Somehow in emphasizing all the positive, inspiring, feel-good scriptures of the Bible and making them relatable to enlightened, modern sensitivities, it seems that the part about God being a judge “putting to death and bringing to life” (Deut. 32:39) has been significantly downplayed. It’s kind of like the big inconvenient elephant in the room (or in the ark) that no one wants to talk about, but the God portrayed throughout both the Hebrew scriptures and the New Testament has this nature one cannot ignore, of being a righteous judge.
Noah’s Torah portion (Genesis 6-11) has beautiful imagery – pairs of animals lining up in a wooden ark, doves flying over the immense watery waste, and the first-ever rainbow.
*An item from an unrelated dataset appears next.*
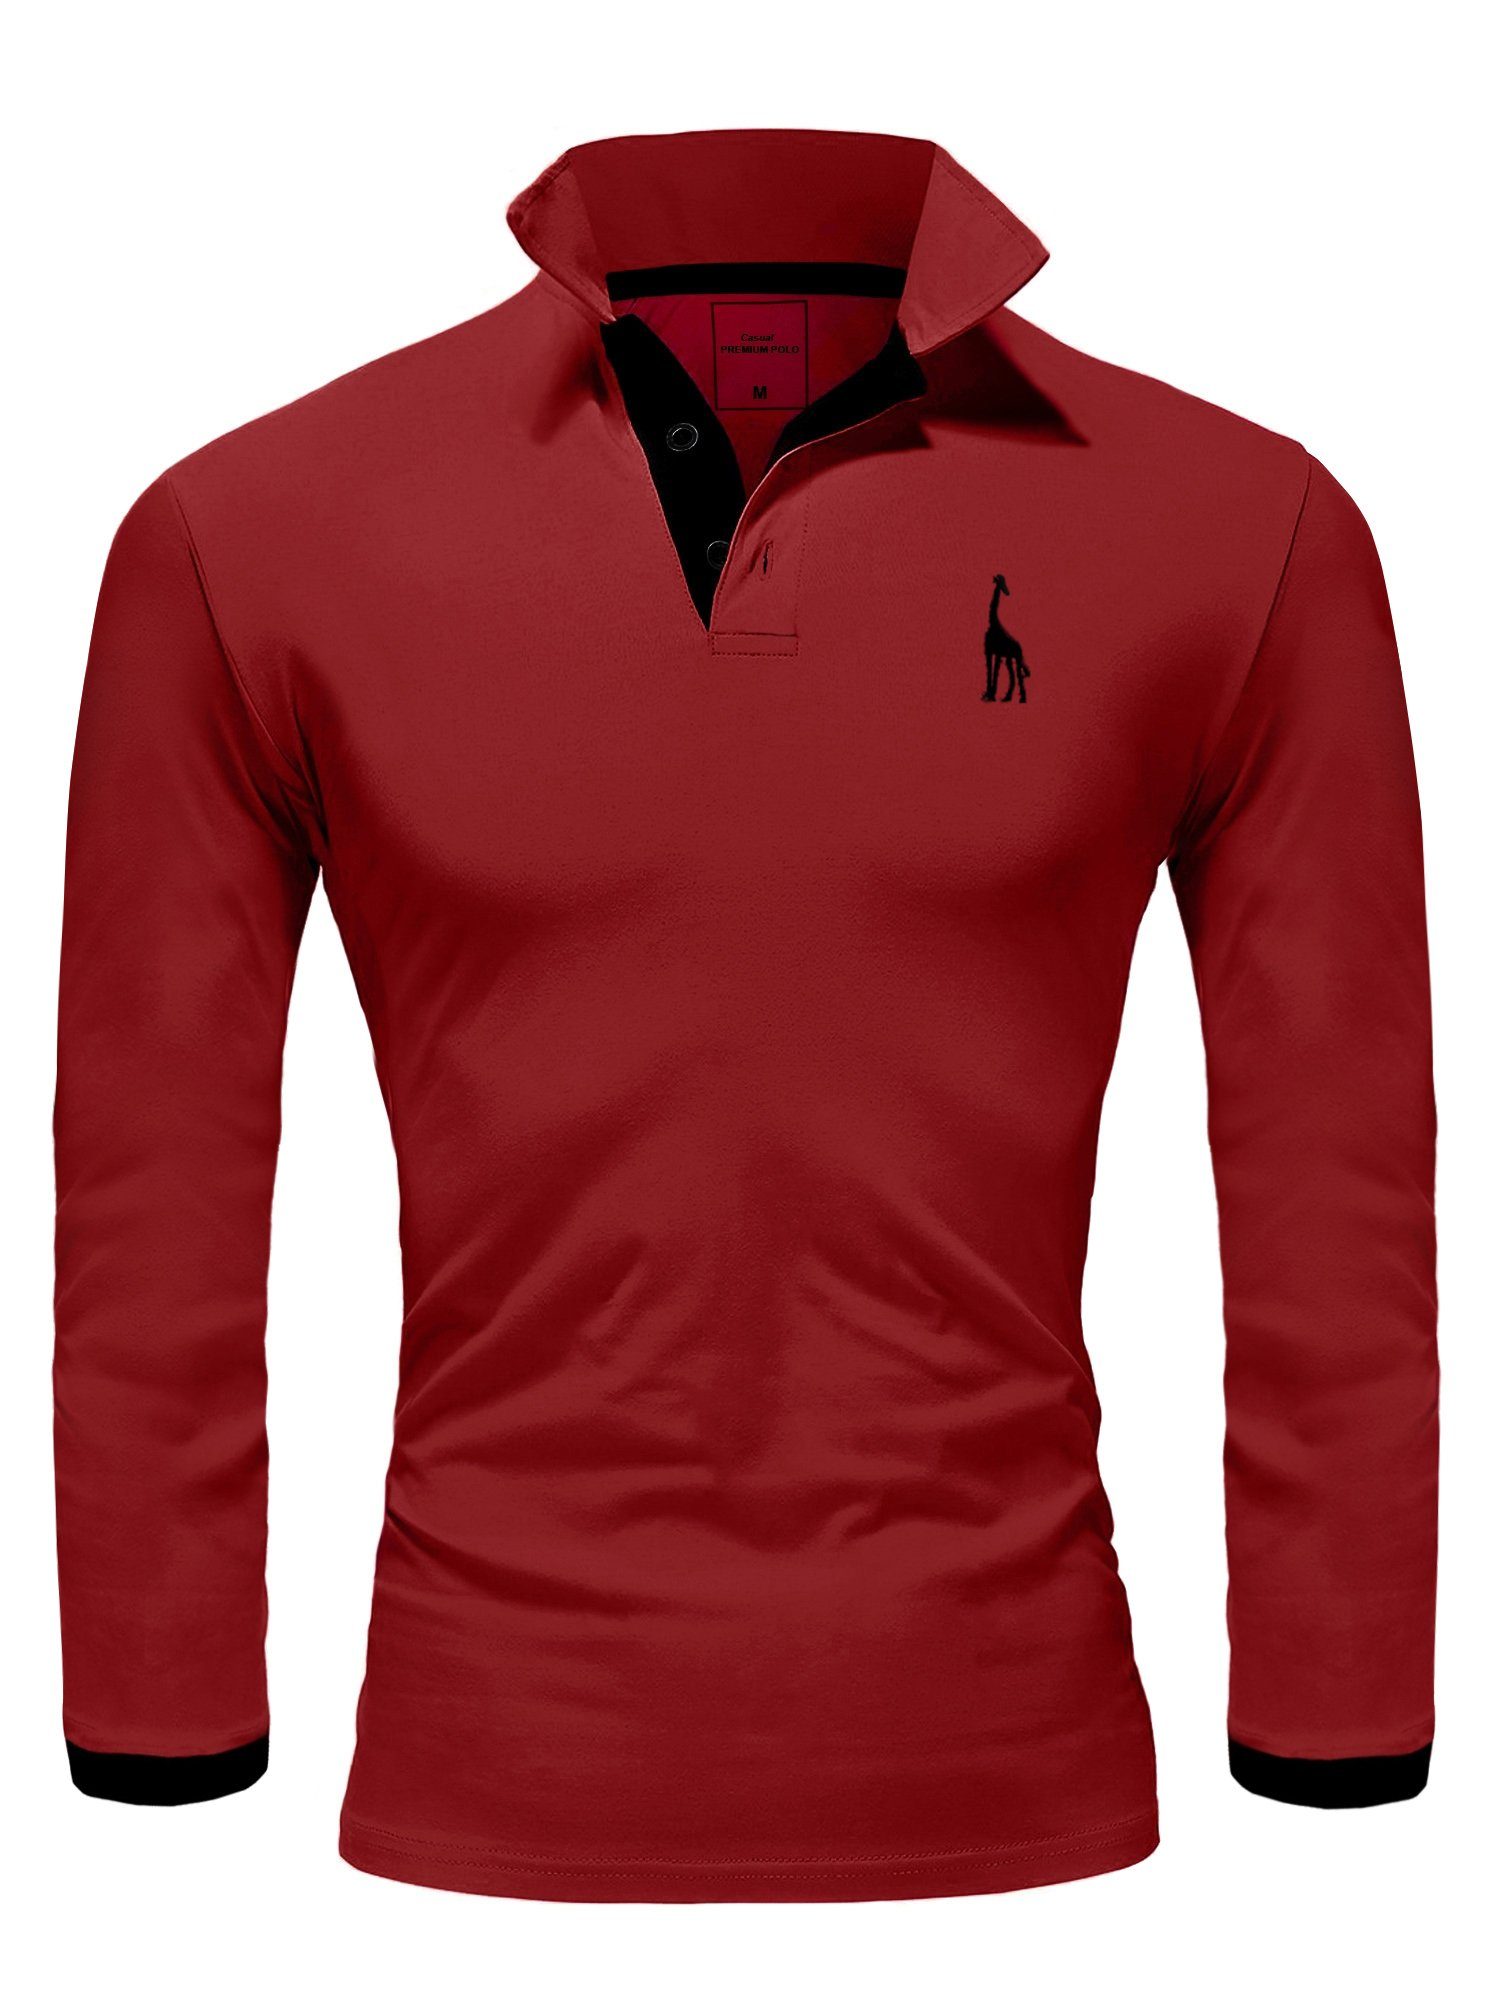 REPUBLIX Poloshirt AIDEN Herren Basic Langarm Kontrast Polo Hemd Bordeaux/Schwarz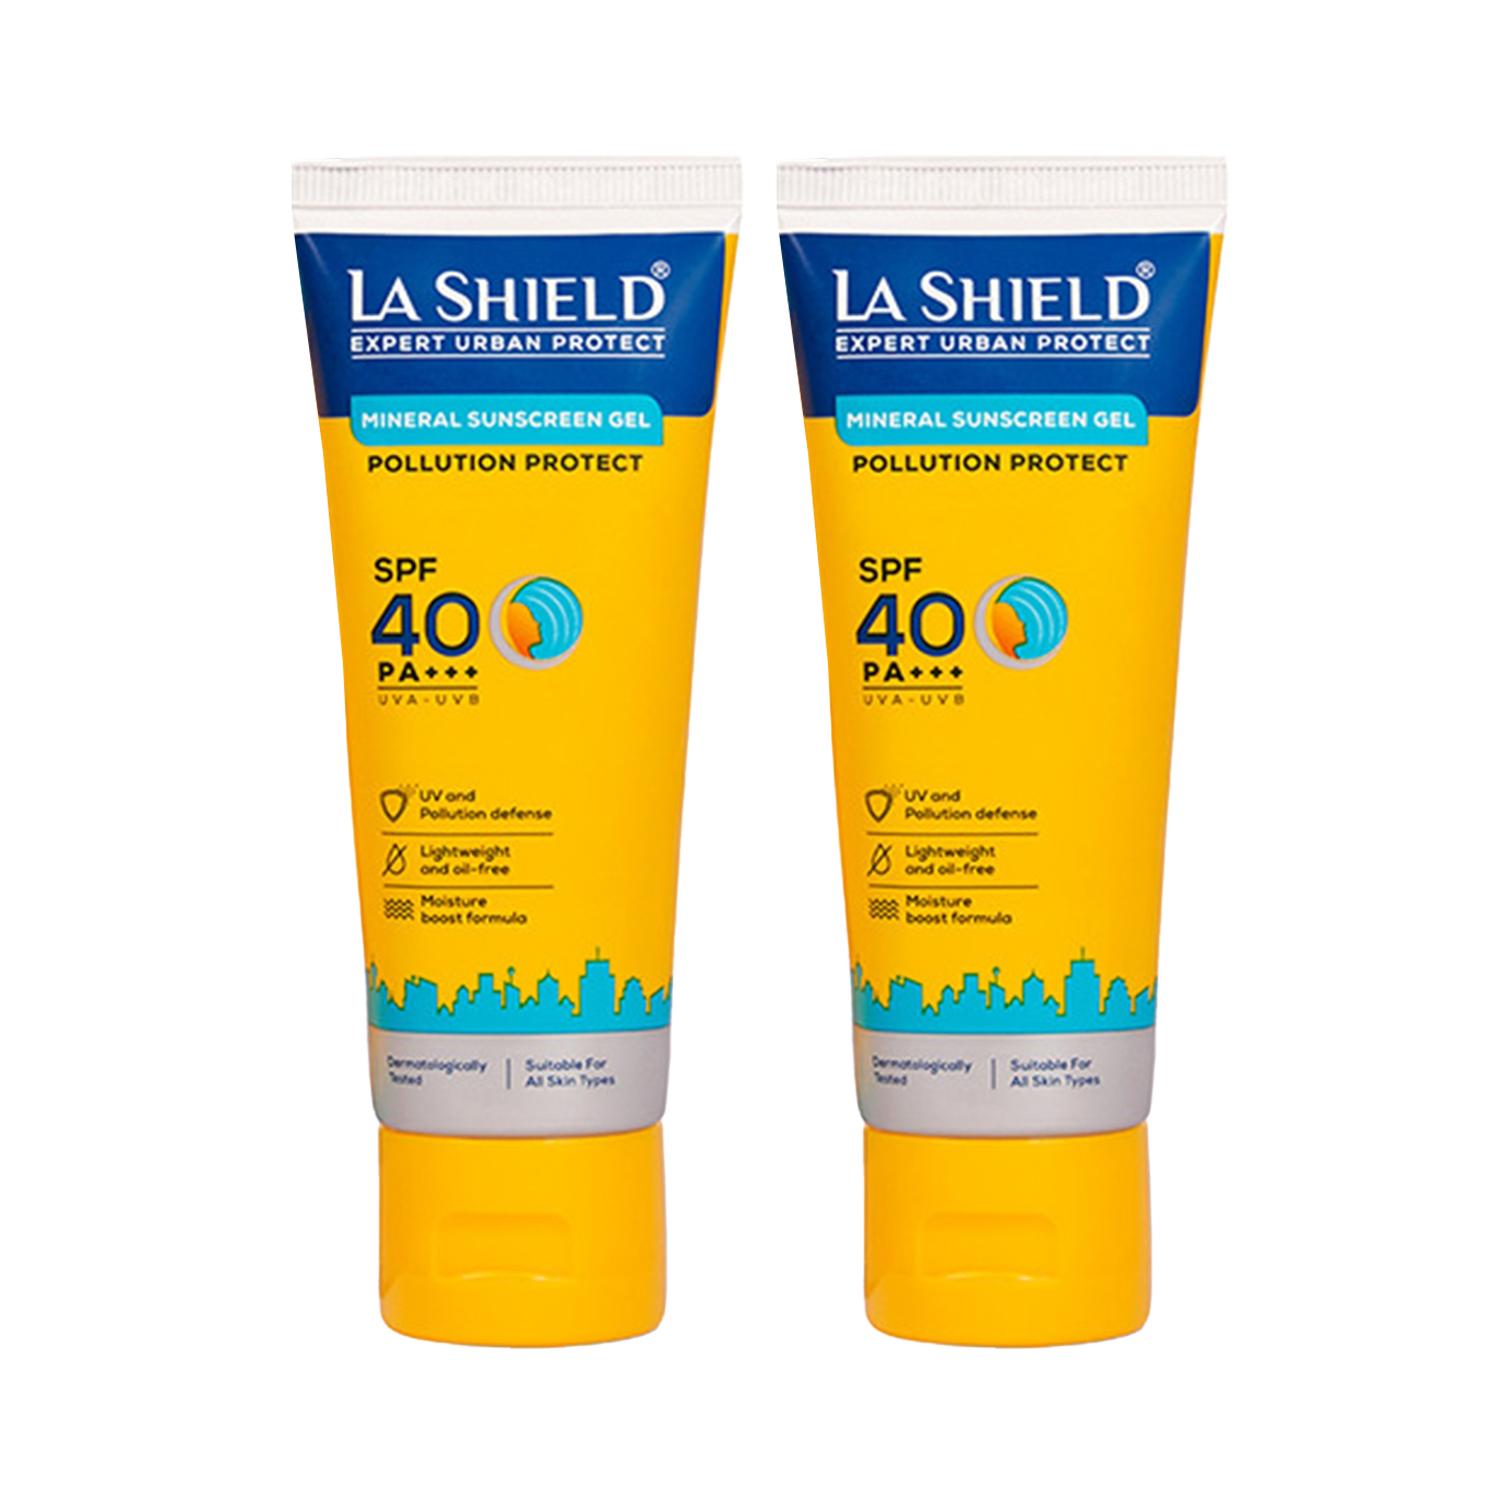 La Shield | La Shield Pollution Protect Mineral Sunscreen Gel SPF 50 Pack of 2 (50 g) Combo

Yet at the heart of the story are the most sobering words imaginable:
“The LORD saw how great man’s wickedness on the earth had become, and that every inclination of the thoughts of his heart was only evil all the time… So the LORD said, ‘I will wipe mankind, whom I have created, from the face of the earth… But Noah found favor in the eyes of the LORD.’ ” (Genesis 6:5-8)
After pushing “restart” with Noah, God promised never again to cut off all life with a flood, in spite of man’s evil. However, that was hardly the end of the Creator having a perfect standard of righteousness, hence the whole invention of sacrifice.
Biblical sacrifice can cancel punishment, but in the context of judgment. In fact, central to Peter’s first Gospel declaration to the Gentiles in Caesarea, was that Jesus of Nazareth has been “appointed as the judge of the living and the dead” (Acts 10:42).